The Robotics Challenge will focus on disaster or emergency-response scenarios. Although the requirements may change as the contest progresses, the initial task requirements for robot entries is:
 1. Drive a utility vehicle at the site.
 2. Travel dismounted across rubble.
 3. Remove debris blocking an entryway.
 4. Open a door and enter a building.
 5. Climb an industrial ladder and traverse an industrial walkway.
 6. Use a tool to break through a concrete panel.
 7. Locate and close a valve near a leaking pipe.
 8. Connect a fire hose to a standpipe and turn on a valve.

The competition has been broken into multiple tracks. Tracks A and B receive DARPA funding, while Tracks C and D will receive no DARPA funding initially. Tracks B and C will go through the Virtual Robotics Challenge (VRC), after which successful teams may receive funding for subsequent stages. Applications for tracks A and B closed in May 2012. The track C application window closed on 18 December 2012, though late applications were still being considered as of January 2013, though participants may still download the DRC Simulator, an open-source application created by the Open Source Robotics Foundation. Track D was open for registration through October 2013.

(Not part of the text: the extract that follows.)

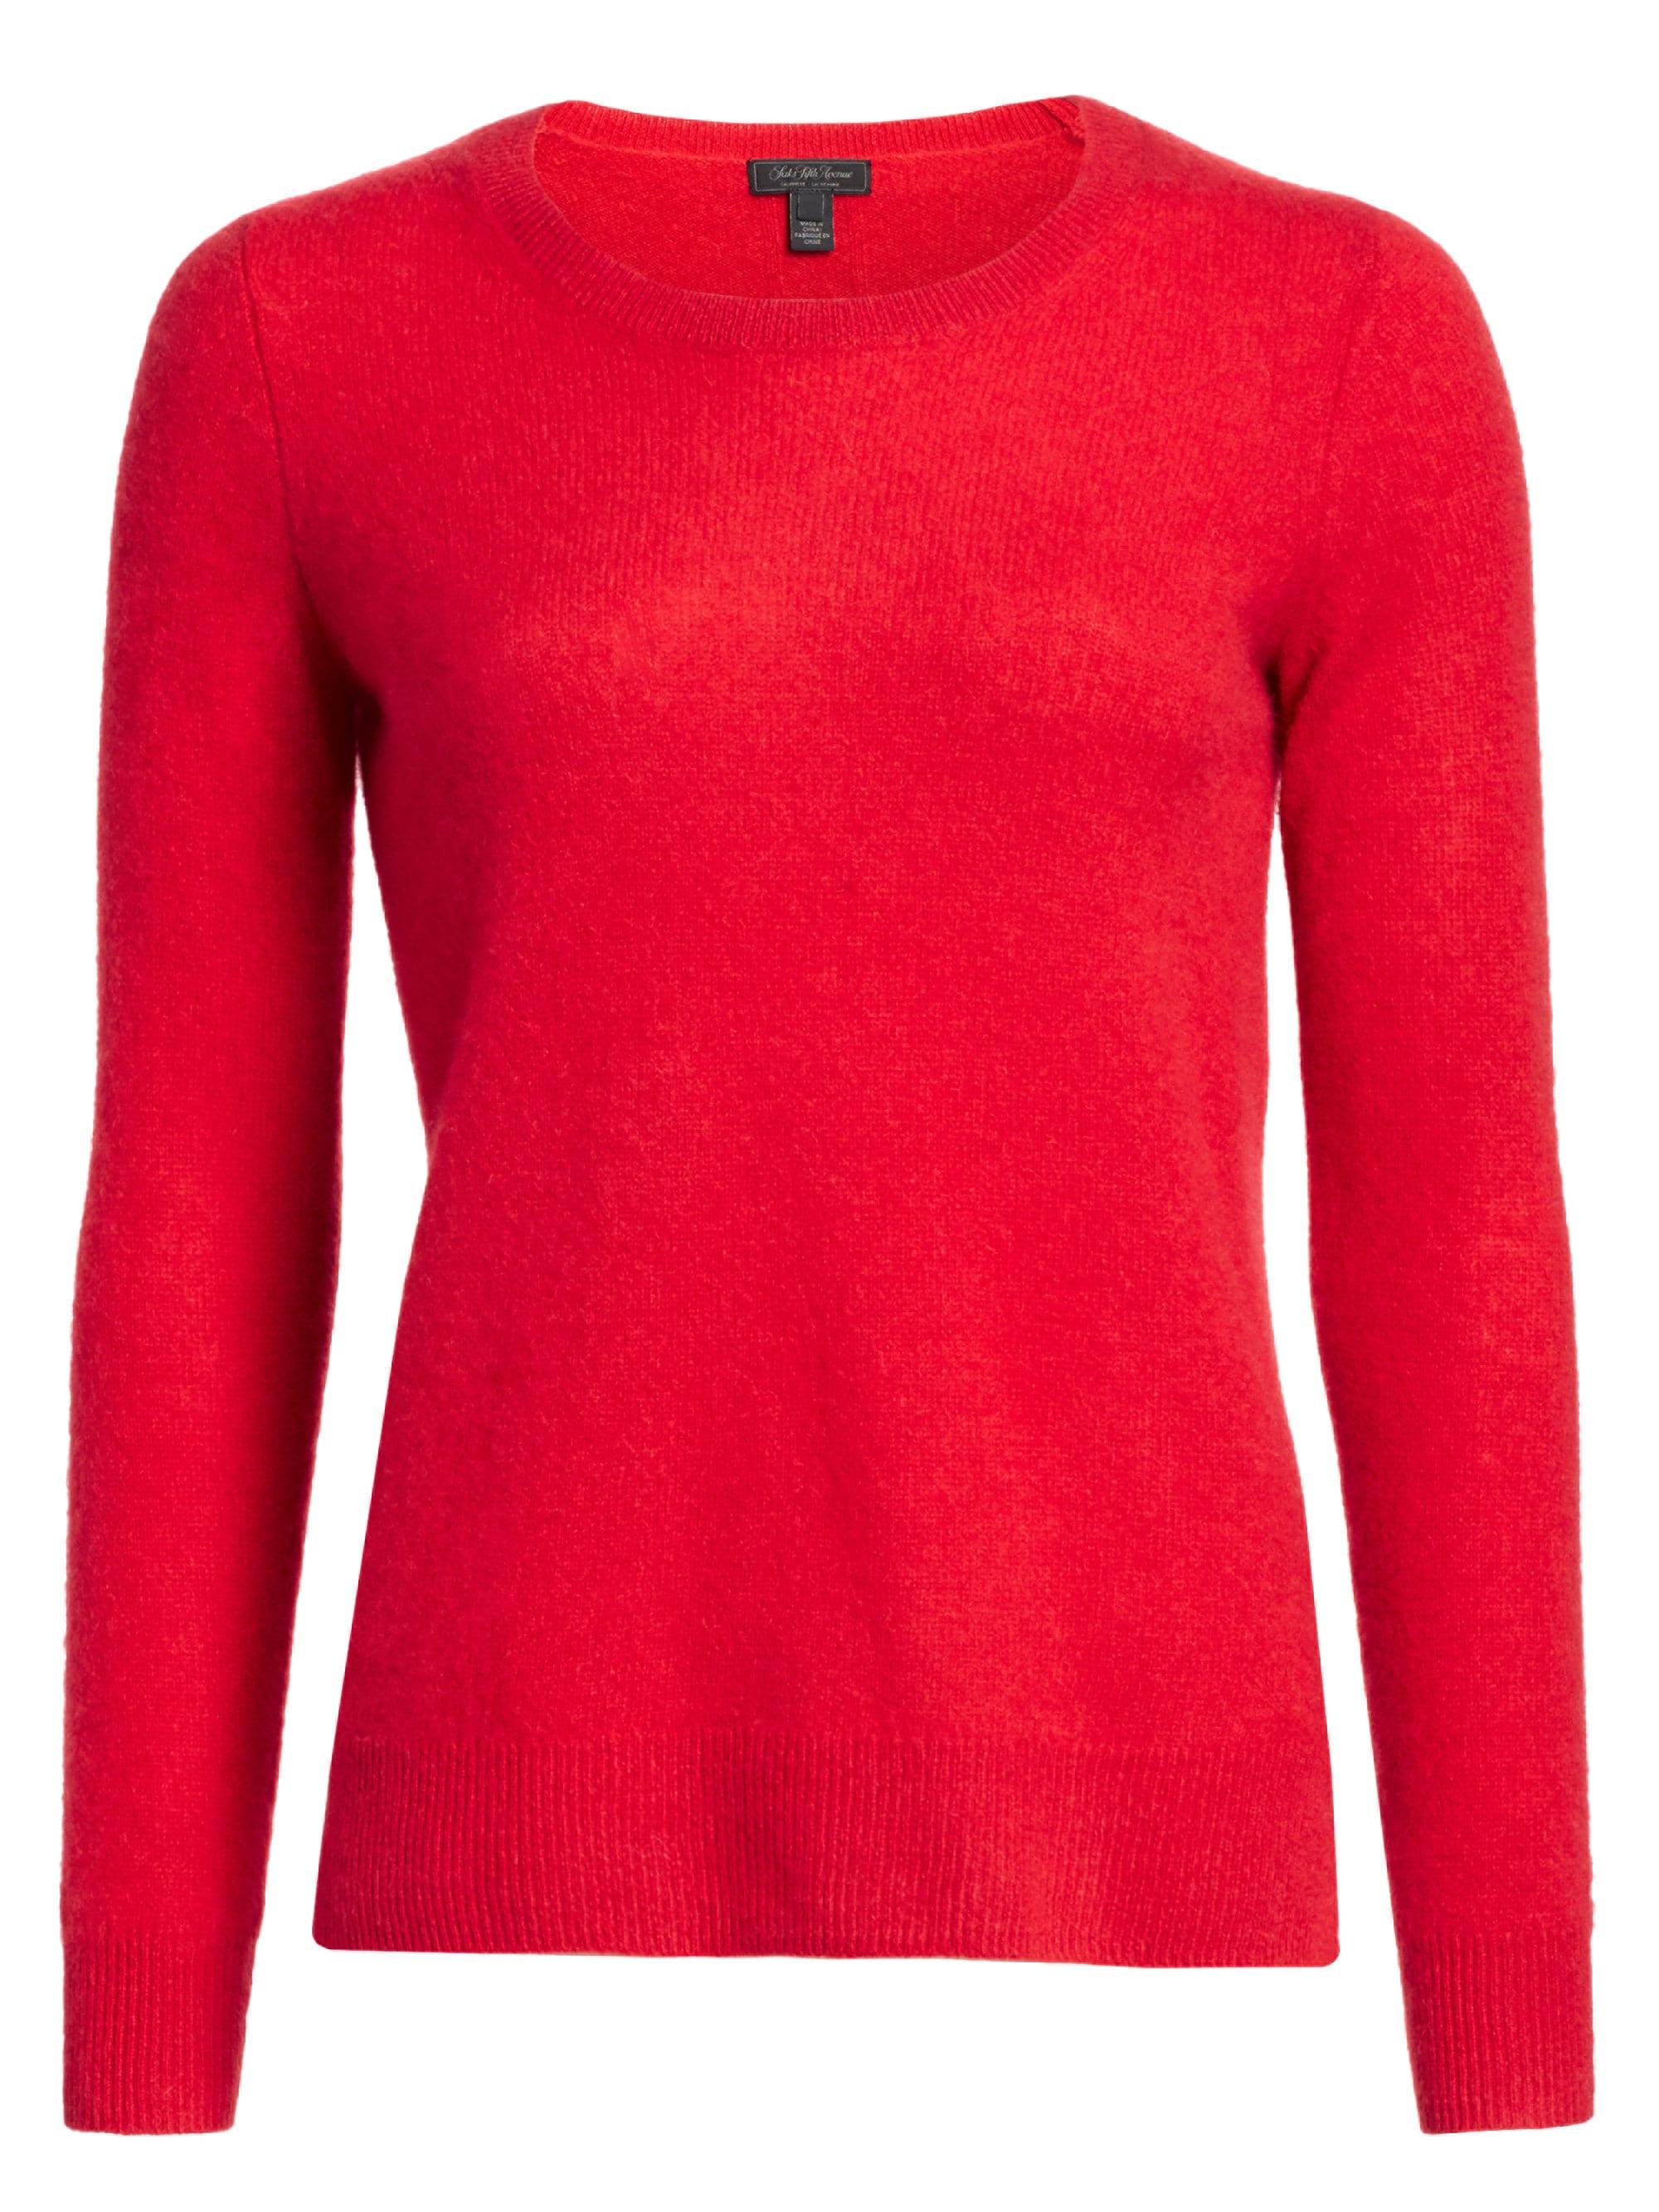 Saks Fifth Avenue Collection Featherweight Cashmere Sweater in Red - Lyst

The signup site for Tracks C and D (no funding) shows illustrations of robots with most largely conforming to humanoid layouts (bipedal with two arms). Other configurations may be possible, however, as illustrated by the "Robosimian" illustration proposed by NASA Jet Propulsion Laboratory.

==Differences==
Unlike previous Challenges, entrants to the DRC need not build their robots from scratch. DARPA will provide to some participants "a robotic hardware platform with arms, legs, torso and head. In August 2012, DARPA announced that it would pay about $10.9 million to Boston Dynamics to build seven platforms based on the PETMAN project by August 2014.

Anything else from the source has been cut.